How to Set Up a Central Wiring Panel for a Home Theater

Designate a space for a central wiring panel when setting up a whole-home theater network. The central wiring panel is where you locate the devices that let you connect the home theater to the rest of the house.

Most of your commonly used electronics gear will probably go right next to your home theater. You're better off relegating the gear that you just “plug and forget” to a wiring panel in an out-of-the-way place. For example:

  • Home cable interconnections with your cable company

  • Home phone interconnections with your telephone company

  • A centralized distribution point for your satellite dish wiring, if you have one

  • Cable, DSL, satellite, or ISDN modems and routers, if you have them

  • Ethernet hubs or switches for your Internet connection

The central wiring panel should be in a place that is out of sight but easily accessible. It needs to have plenty of space and adequate power to run a great deal of equipment. In the best-case scenario, you can create a dedicated room for your home theater and associated equipment.

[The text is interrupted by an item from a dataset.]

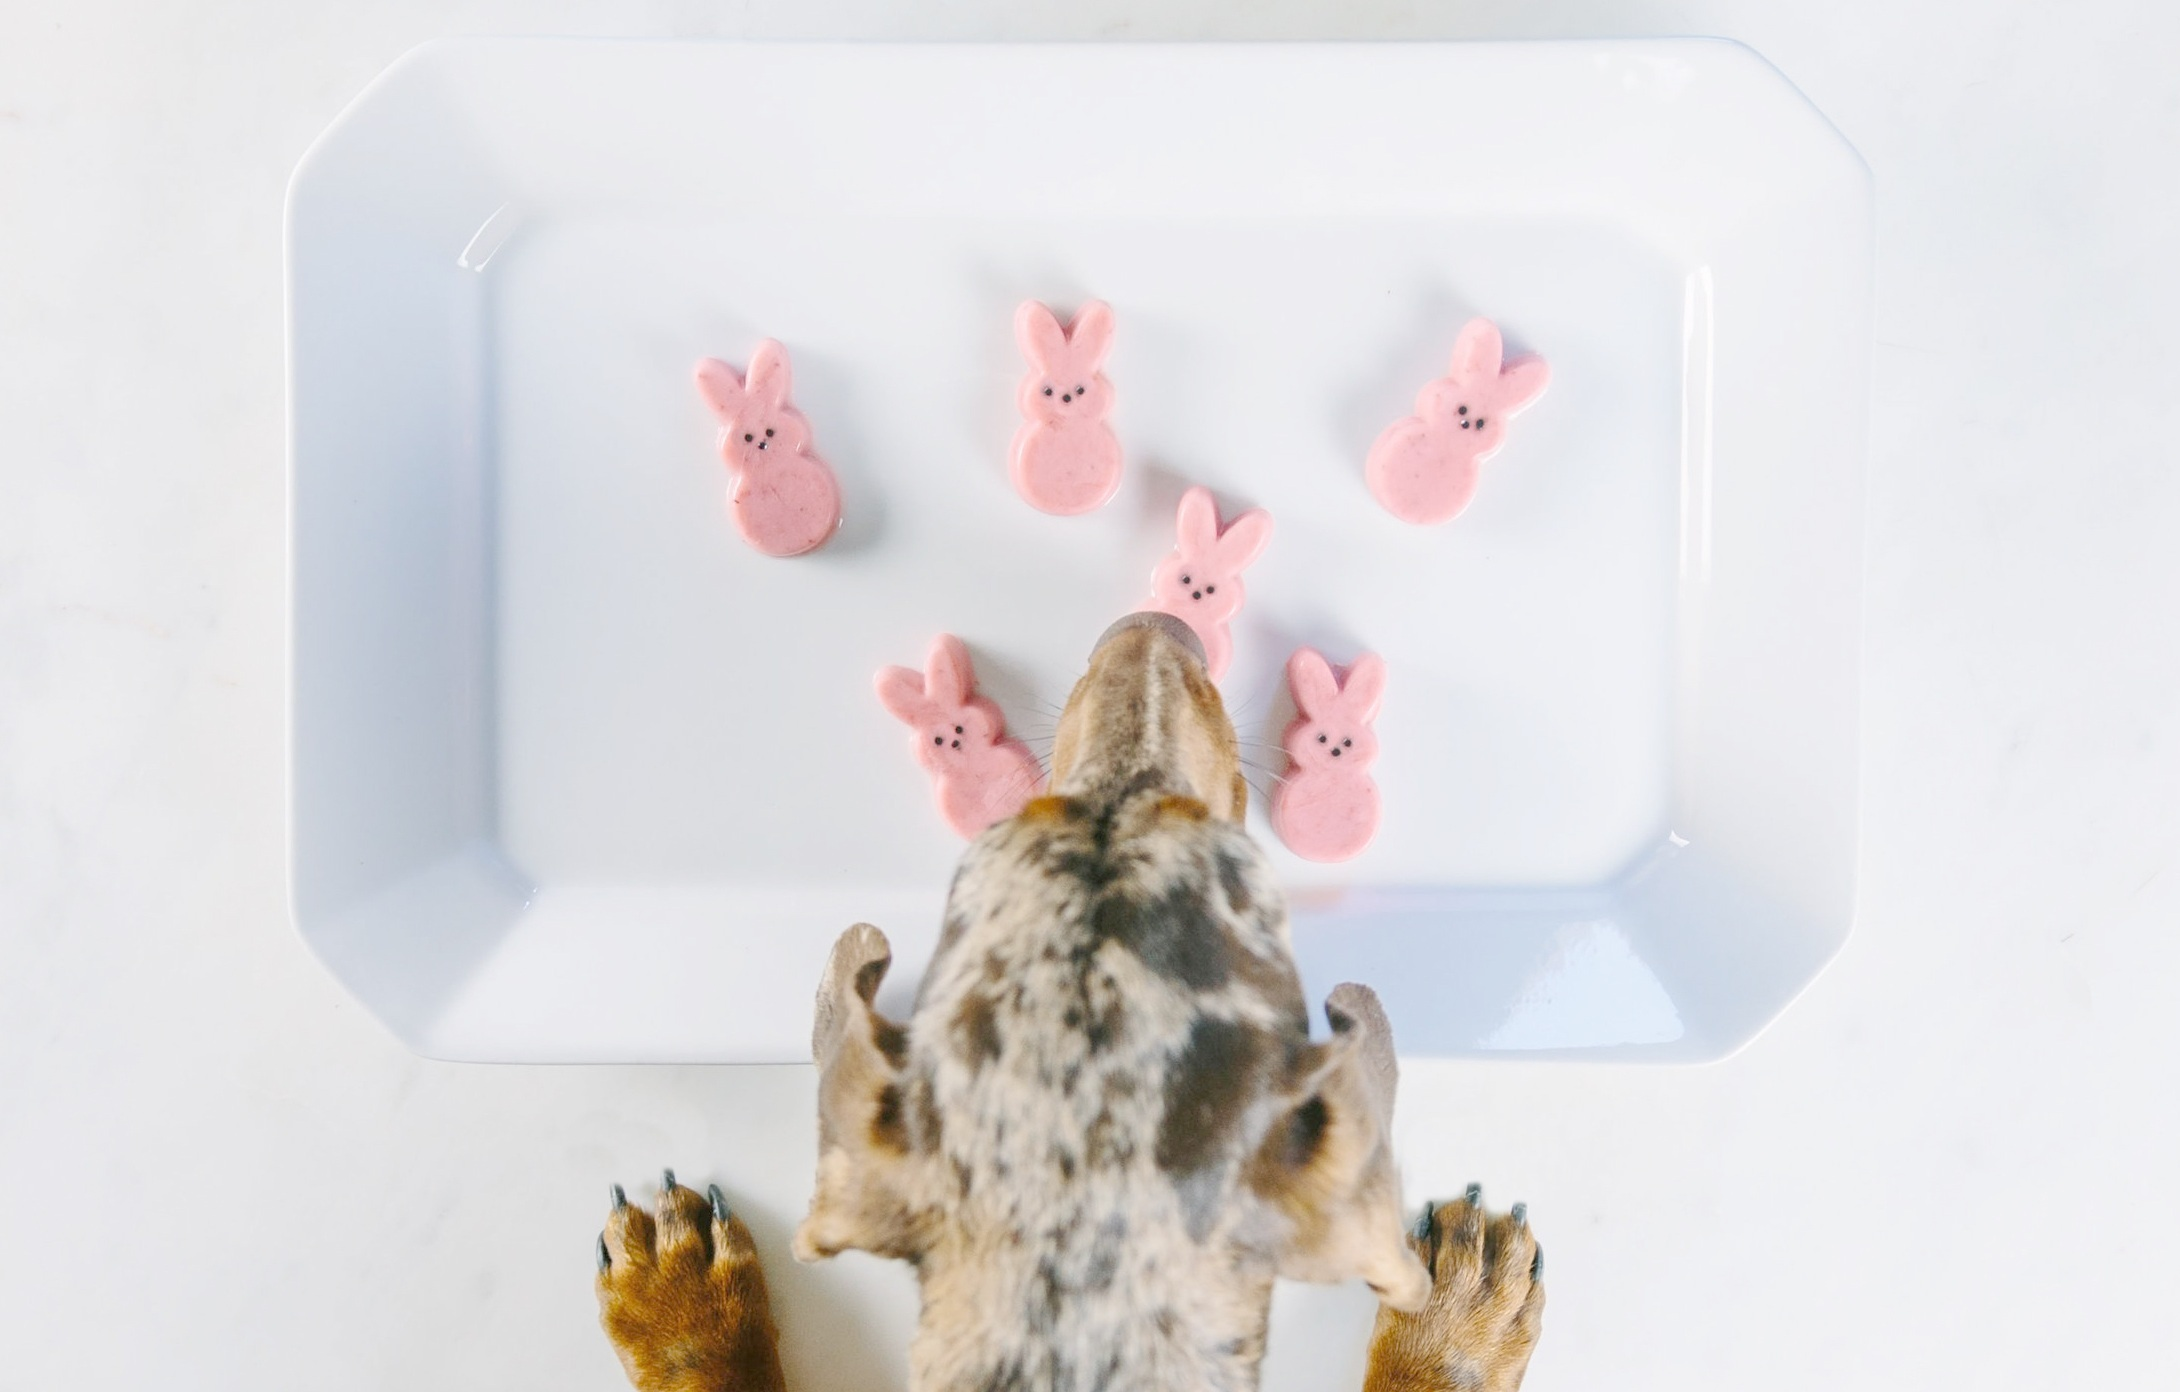 Easter%2BPeeps%2BRecipe%2Bfor%2BDogs%2Bon%2BThe%2BDapple%2BDog%2BLifestyle%2BSite

Most homeowners or remodelers don’t have the luxury of adding a dedicated space for a wiring panel. In these cases, you have to try to make some part of the house do double duty as your wiring panel. A first stop is the place where your cable, telephone, and electrical connections currently come into the house. Here are some other places to consider locating your wiring panel:

  • The utility or laundry room: The biggest disadvantage of this location is the potential for high humidity, so make sure your clothes dryer is well ventilated to the outdoors. Good ventilation also keeps all the dust and lint from your dryer out of your sensitive electronics.

  • A protected garage: The potential for dust and extreme temperatures may make this location less than optimal for some homes, but the garage can be a useful location.

  • The basement: Many people choose the basement for a central wiring node because it’s easy to run wires through a drop ceiling. The basement can be a very good location, but keep in mind that basements can be both dusty and damp.

An important thing to keep in mind is that the natural enemies of electrical and electronic equipment are moisture, dust, and temperature extremes. So locations that may work for someone in Florida or California may not make as much sense for your house in Maine.